Phase Transition and Interpore Correlations of Water in Nanopore Membranes

TL;DR

This study uses computer simulations to explore phase transitions and correlation effects of water in nanopore membranes, revealing an antiferroelectric transition and its impact on dielectric properties and proton translocation.

Contribution

It introduces an effective charge model for nanopore water, predicting a continuous phase transition and strong correlations affecting membrane properties.

Findings

Membranes with square pore lattices undergo a continuous order-disorder transition.

Strong antiferroelectric correlations reduce dielectric constant.

Correlations hinder proton translocation.

Abstract

Using computer simulations, we study a membrane of parallel narrow pores filled with one-dimensional wires of hydrogen-bonded water molecules. We show that such a membrane is equivalent to a system of effective charges located at opposite sides of the membrane offering a computationally efficient way to model correlation effects in water-filled nanopore membranes.
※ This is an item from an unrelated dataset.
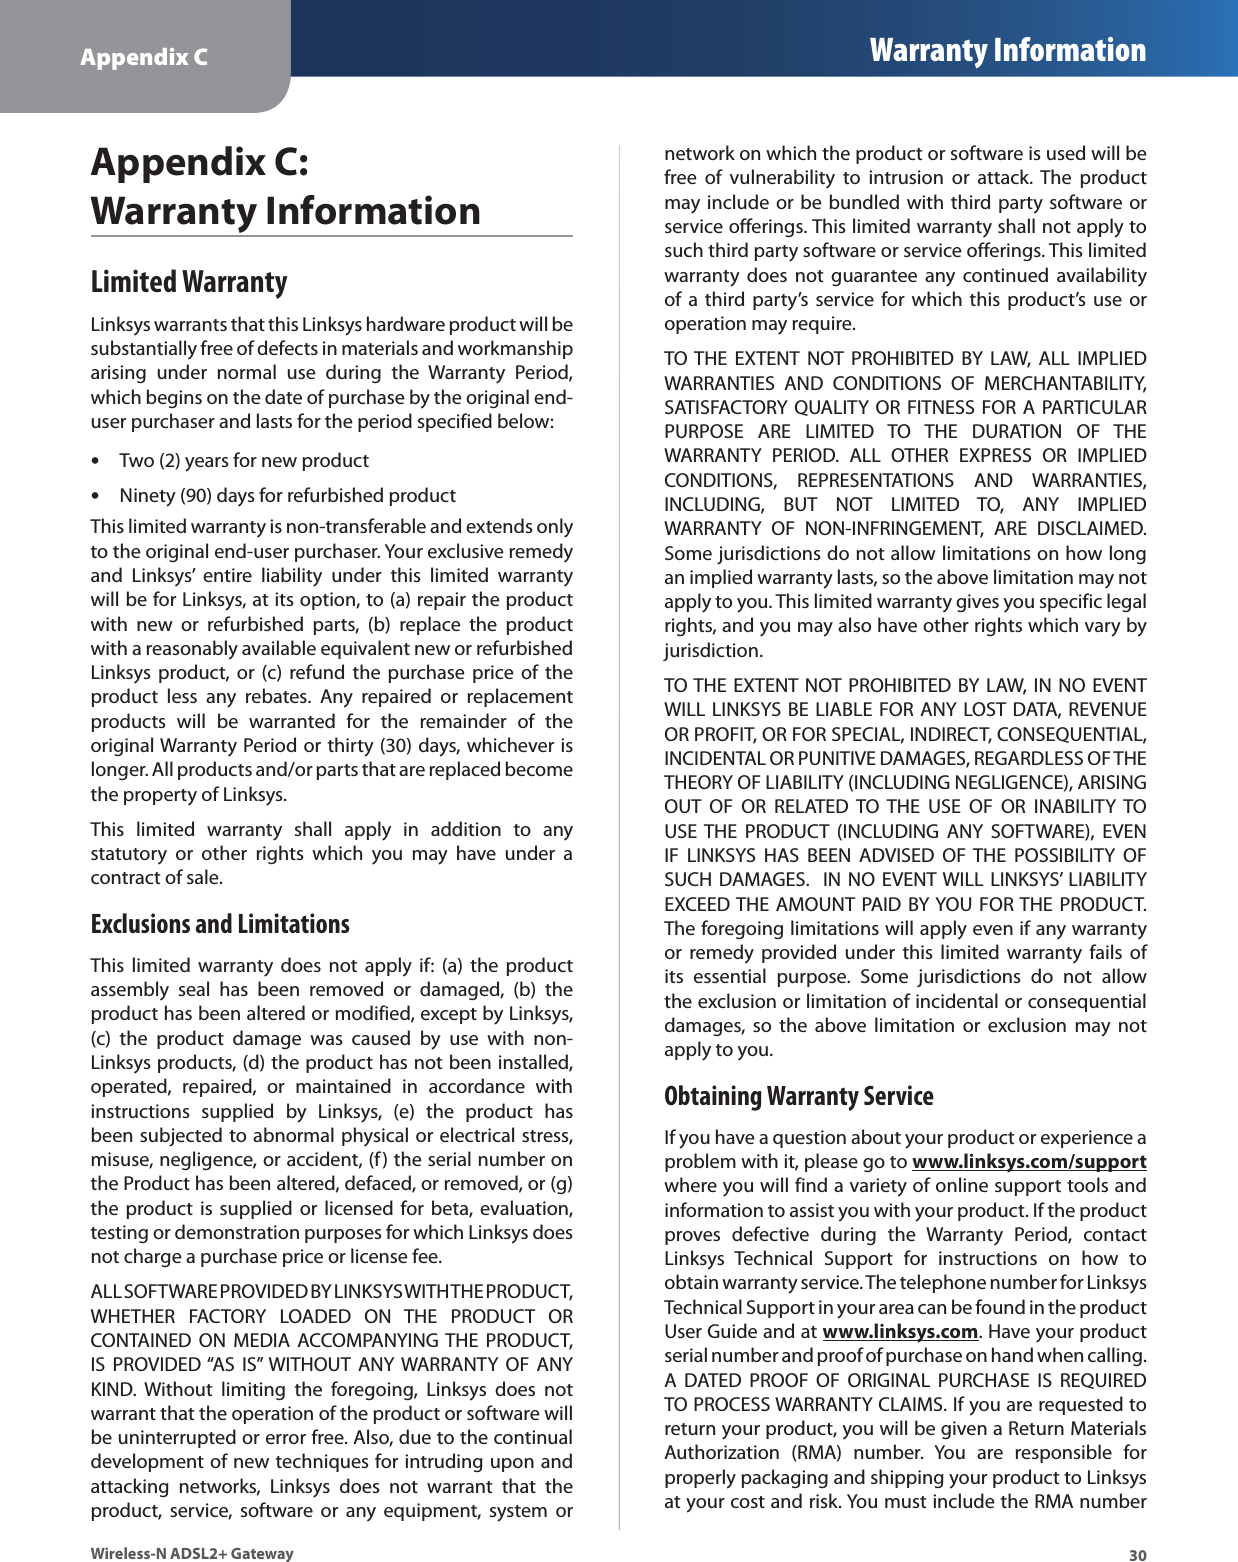 Appendix C Warranty Information30Wireless-N ADSL2+ GatewayAppendix C:  Warranty InformationLimited WarrantyLinksys warrants that this Linksys hardware product will be substantially free of defects in materials and workmanship arising under normal use during the Warranty Period, which begins on the date of purchase by the original end-user purchaser and lasts for the period specified below:Two (2) years for new productsNinety (90) days for refurbished productsThis limited warranty is non-transferable and extends only to the original end-user purchaser. Your exclusive remedy and Linksys’ entire liability under this limited warranty will be for Linksys, at its option, to (a) repair the product with new or refurbished parts, (b) replace the product with a reasonably available equivalent new or refurbished Linksys product, or (c) refund the purchase price of the product less any rebates. Any repaired or replacement products will be warranted for the remainder of the original Warranty Period or thirty (30) days, whichever is longer. All products and/or parts that are replaced become the property of Linksys.This limited warranty shall apply in addition to any statutory or other rights which you may have under a contract of sale.Exclusions and Limitations  This limited warranty does not apply if: (a) the product assembly seal has been removed or damaged, (b) the product has been altered or modified, except by Linksys, (c) the product damage was caused by use with non-Linksys products, (d) the product has not been installed, operated, repaired, or maintained in accordance with instructions supplied by Linksys, (e) the product has been subjected to abnormal physical or electrical stress, misuse, negligence, or accident, (f) the serial number on the Product has been altered, defaced, or removed, or (g) the product is supplied or licensed for beta, evaluation, testing or demonstration purposes for which Linksys does not charge a purchase price or license fee.ALL SOFTWARE PROVIDED BY LINKSYS WITH THE PRODUCT, WHETHER FACTORY LOADED ON THE PRODUCT OR CONTAINED ON MEDIA ACCOMPANYING THE PRODUCT, IS PROVIDED “AS IS” WITHOUT ANY WARRANTY OF ANY KIND. Without limiting the foregoing, Linksys does not warrant that the operation of the product or software will be uninterrupted or error free. Also, due to the continual development of new techniques for intruding upon and attacking networks, Linksys does not warrant that the product, service, software or any equipment, system or network on which the product or software is used will be free of vulnerability to intrusion or attack. The product may include or be bundled with third party software or service offerings. This limited warranty shall not apply to such third party software or service offerings. This limited warranty does not guarantee any continued availability of a third party’s service for which this product’s use or operation may require. TO THE EXTENT NOT PROHIBITED BY LAW, ALL IMPLIED WARRANTIES AND CONDITIONS OF MERCHANTABILITY, SATISFACTORY QUALITY OR FITNESS FOR A PARTICULAR PURPOSE ARE LIMITED TO THE DURATION OF THE WARRANTY PERIOD. ALL OTHER EXPRESS OR IMPLIED CONDITIONS, REPRESENTATIONS AND WARRANTIES, INCLUDING, BUT NOT LIMITED TO, ANY IMPLIED WARRANTY OF NON-INFRINGEMENT, ARE DISCLAIMED. Some jurisdictions do not allow limitations on how long an implied warranty lasts, so the above limitation may not apply to you. This limited warranty gives you specific legal rights, and you may also have other rights which vary by jurisdiction.TO THE EXTENT NOT PROHIBITED BY LAW, IN NO EVENT WILL LINKSYS BE LIABLE FOR ANY LOST DATA, REVENUE OR PROFIT, OR FOR SPECIAL, INDIRECT, CONSEQUENTIAL, INCIDENTAL OR PUNITIVE DAMAGES, REGARDLESS OF THE THEORY OF LIABILITY (INCLUDING NEGLIGENCE), ARISING OUT OF OR RELATED TO THE USE OF OR INABILITY TO USE THE PRODUCT (INCLUDING ANY SOFTWARE), EVEN IF LINKSYS HAS BEEN ADVISED OF THE POSSIBILITY OF SUCH DAMAGES.  IN NO EVENT WILL LINKSYS’ LIABILITY EXCEED THE AMOUNT PAID BY YOU FOR THE PRODUCT. The foregoing limitations will apply even if any warranty or remedy provided under this limited warranty fails of its essential purpose. Some jurisdictions do not allow the exclusion or limitation of incidental or consequential damages, so the above limitation or exclusion may not apply to you.Obtaining Warranty ServiceIf you have a question about your product or experience a problem with it, please go to www.linksys.com/supportwhere you will find a variety of online support tools and information to assist you with your product. If the product proves defective during the Warranty Period, contact Linksys Technical Support for instructions on how to obtain warranty service. The telephone number for Linksys Technical Support in your area can be found in the product User Guide and at www.linksys.com. Have your product serial number and proof of purchase on hand when calling. A DATED PROOF OF ORIGINAL PURCHASE IS REQUIRED TO PROCESS WARRANTY CLAIMS. If you are requested to return your product, you will be given a Return Materials Authorization (RMA) number. You are responsible for properly packaging and shipping your product to Linksys at your cost and risk. You must include the RMA number

Based on our simulations we predict that membranes with square pore lattices undergo a continuous order-disorder transition to an antiferroelectric low-temperature phase in which water wires in adjacent pores are oriented in opposite directions. Strong antiferroelectric correlations exist also in the disordered phase far above the critical temperature or in membranes with geometric frustration, leading to a dielectric constant that is reduced considerably with respect to the case of uncoupled water wires. These correlations are also expected to hinder proton translocation through the membrane.